If there is one name in our house that strikes both adoration and loathing at the same time, it’s going to be “Pooky”. Pooky is a killing machine and a hopelessly needful animal at the same time. He is close to what I consider to be the perfect weapon in the feline universe; loved by all, yet the destroyer of sanity. Perhaps a little background will help.

(Also please note the photo here - I was ready to get up, Pooky was just getting comfortable. And also notice the disdain of Socks...)

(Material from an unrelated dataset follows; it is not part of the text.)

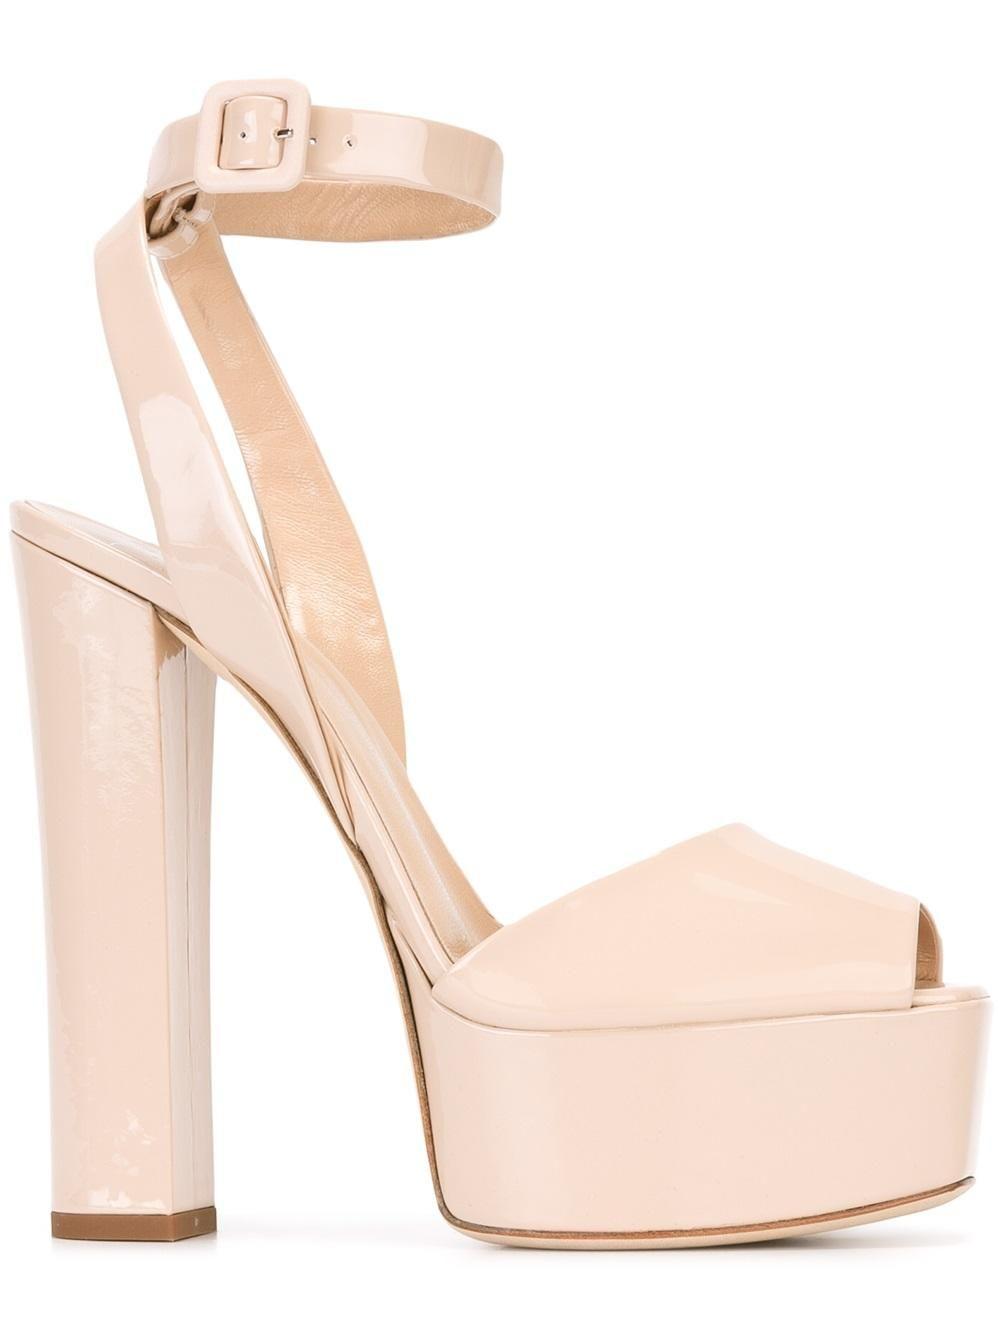 9ddd1838b Giuseppe Zanotti Design  betty  Sandals - Stivali - Farfetch.com ...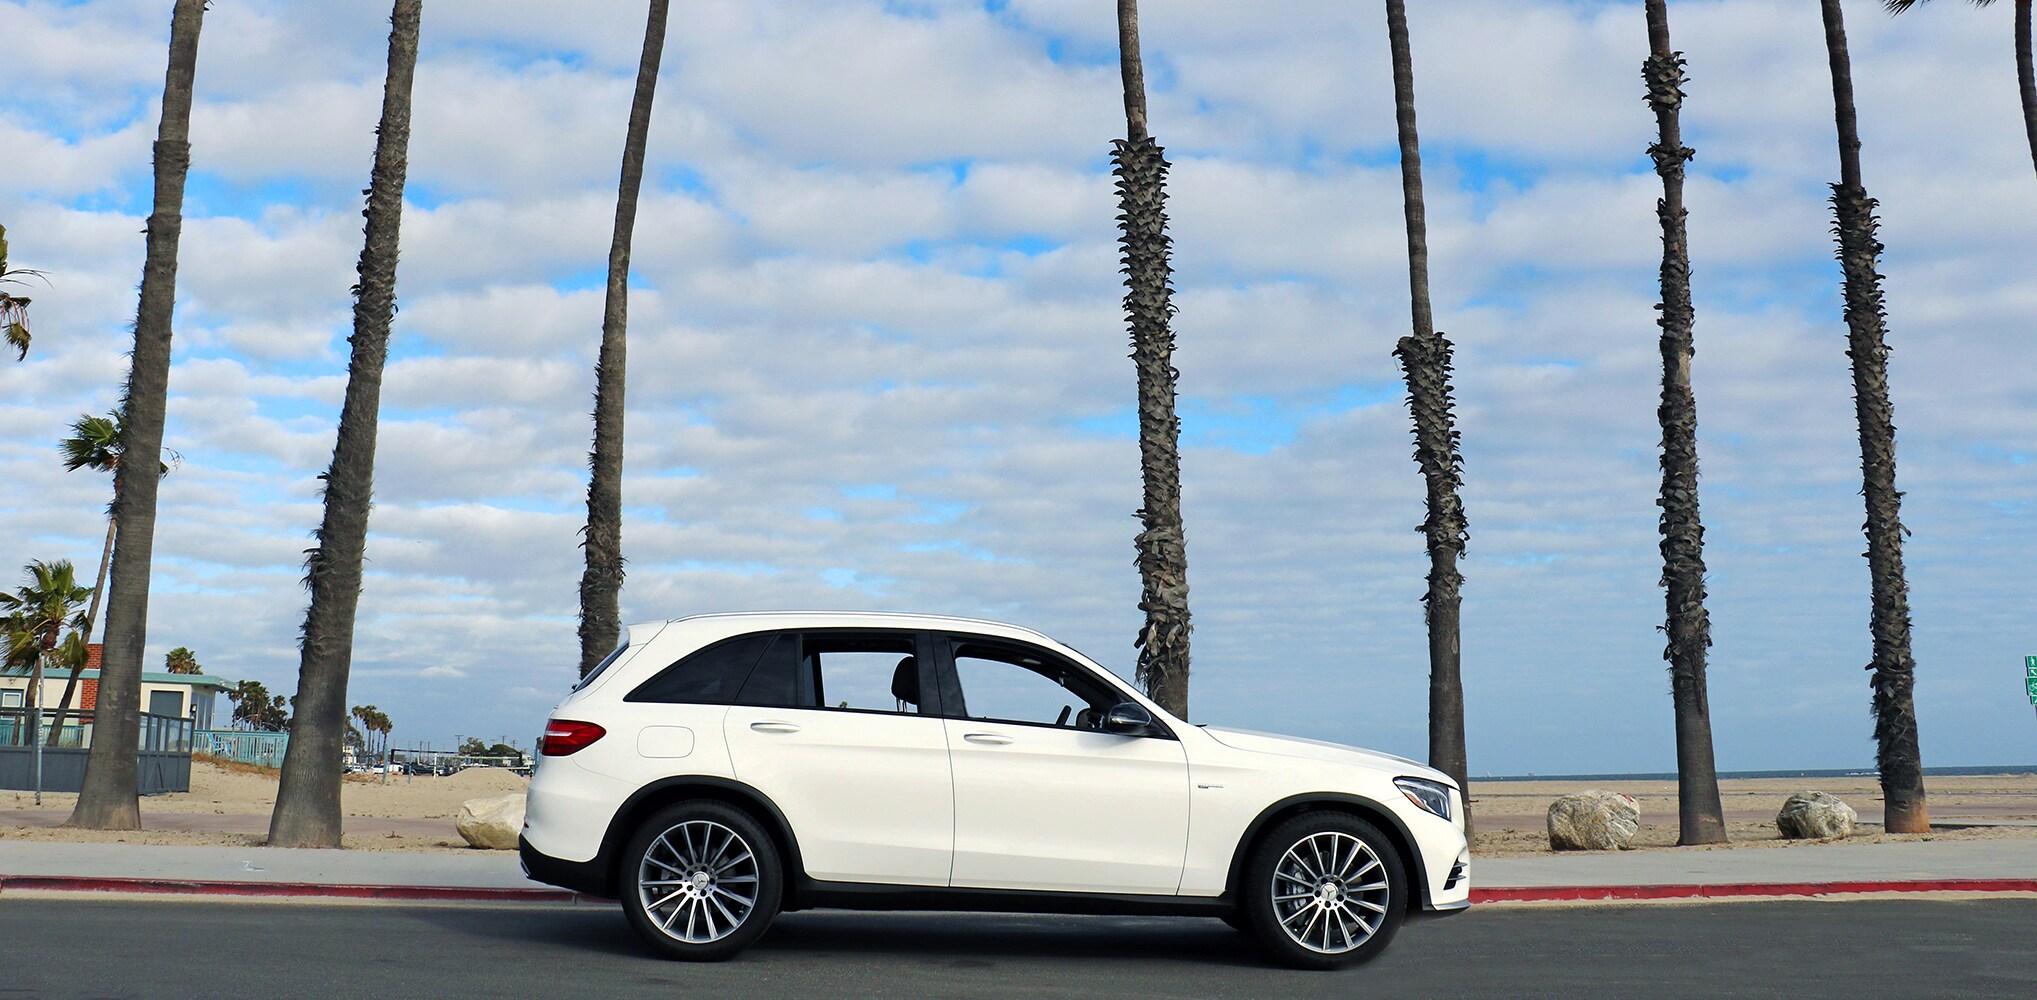 Long Beach Mercedes | Best News of Upcoming Cars

Pooky, along with his two sisters, were rescued (more or less) from a house in our neighborhood who was doing a less than stellar job at taking care of their cats. The mother and father were practically wild, and the kittens lived in a box on the front porch, infested with fleas and filth. After the owners moved out, we took these orphans in, and they were pitiful. Pooky was hideously small, a melon of a head stuck on his scrawny and undernourished body. Feedings had to be done with milk formula initially because we didn’t want the mother cat in the house. Eventually they moved to solid food, though it took Pooky some time. Feedings were...well, nasty. Michelle would put milk and wet cat food mushed up on a plate, set on the floor. The kittens would devour the food, but Pooky, not content merely to eat, had to actually settle himself in the food. Every meal was followed by a bath. Disgusting to say the least.

This carried on for several months and we were beginning to think that he would stay a runt. But no. He ate, and ate, and ate, and ate. Soon he passed up his sisters in size and despite his only being 8 months old, he is approaching the size of the other adult cats in the house. Feeding time is still a treat, as he usually butts the other cats out of the way for the first available bowl, and has shown no fear while we are eating dinner ourselves. You see, the other cats generally avoid the dinner table and kitchen while we’re eating dinner. They know their place. Yes, if something is left out they will investigate but 9 times out of 10, all it takes is a single look to scatter them from the carnage. Not so with Pooky. This cat has the audacity to try and steal your dinner while you’re eating it. Repeated beatings have not helped. The trashcan is not safe. An open coke on the counter will be soon be on its side. This animal has even helped himself to our vitamins, which I laid out for the kids in the morning. He might die young under my wrath, but the fish oil pills he ate will make his coat look great at the funeral.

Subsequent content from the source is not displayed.